Work instruction: Begin at the line containing "Thick double roped" in the data below and go on through the line containing "From the left- Israel", repeating each line exactly; include both ends and no other line.

Dataset content:
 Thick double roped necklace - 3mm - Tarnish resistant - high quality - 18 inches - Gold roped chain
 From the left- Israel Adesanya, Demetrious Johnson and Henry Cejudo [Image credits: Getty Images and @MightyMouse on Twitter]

==

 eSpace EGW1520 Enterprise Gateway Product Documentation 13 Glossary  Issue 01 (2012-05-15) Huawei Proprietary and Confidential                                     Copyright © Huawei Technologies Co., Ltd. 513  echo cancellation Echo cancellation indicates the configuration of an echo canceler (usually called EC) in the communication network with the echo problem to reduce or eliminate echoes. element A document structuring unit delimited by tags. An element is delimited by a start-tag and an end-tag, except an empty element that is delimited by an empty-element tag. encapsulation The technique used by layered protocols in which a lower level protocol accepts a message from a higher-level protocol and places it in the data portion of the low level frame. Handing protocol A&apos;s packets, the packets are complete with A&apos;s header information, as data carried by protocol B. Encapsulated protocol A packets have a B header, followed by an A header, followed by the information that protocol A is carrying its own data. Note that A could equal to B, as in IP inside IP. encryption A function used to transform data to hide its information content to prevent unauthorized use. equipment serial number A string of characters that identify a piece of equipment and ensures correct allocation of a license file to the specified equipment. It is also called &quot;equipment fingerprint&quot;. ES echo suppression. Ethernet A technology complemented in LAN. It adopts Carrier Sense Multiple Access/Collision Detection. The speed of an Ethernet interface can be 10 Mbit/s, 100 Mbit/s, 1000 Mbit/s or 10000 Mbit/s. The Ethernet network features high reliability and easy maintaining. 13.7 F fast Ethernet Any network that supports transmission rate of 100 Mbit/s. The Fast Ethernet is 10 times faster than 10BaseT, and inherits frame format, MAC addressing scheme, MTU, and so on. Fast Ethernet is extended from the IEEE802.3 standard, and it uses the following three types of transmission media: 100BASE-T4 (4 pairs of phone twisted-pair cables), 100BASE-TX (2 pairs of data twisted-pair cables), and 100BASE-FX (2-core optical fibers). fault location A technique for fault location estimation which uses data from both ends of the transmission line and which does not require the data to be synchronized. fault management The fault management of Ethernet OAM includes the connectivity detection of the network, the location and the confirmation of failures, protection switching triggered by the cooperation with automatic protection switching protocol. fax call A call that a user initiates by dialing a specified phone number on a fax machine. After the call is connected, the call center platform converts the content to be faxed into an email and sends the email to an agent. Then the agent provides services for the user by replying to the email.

Output of the task:
 Thick double roped necklace - 3mm - Tarnish resistant - high quality - 18 inches - Gold roped chain
 From the left- Israel Adesanya, Demetrious Johnson and Henry Cejudo [Image credits: Getty Images and @MightyMouse on Twitter]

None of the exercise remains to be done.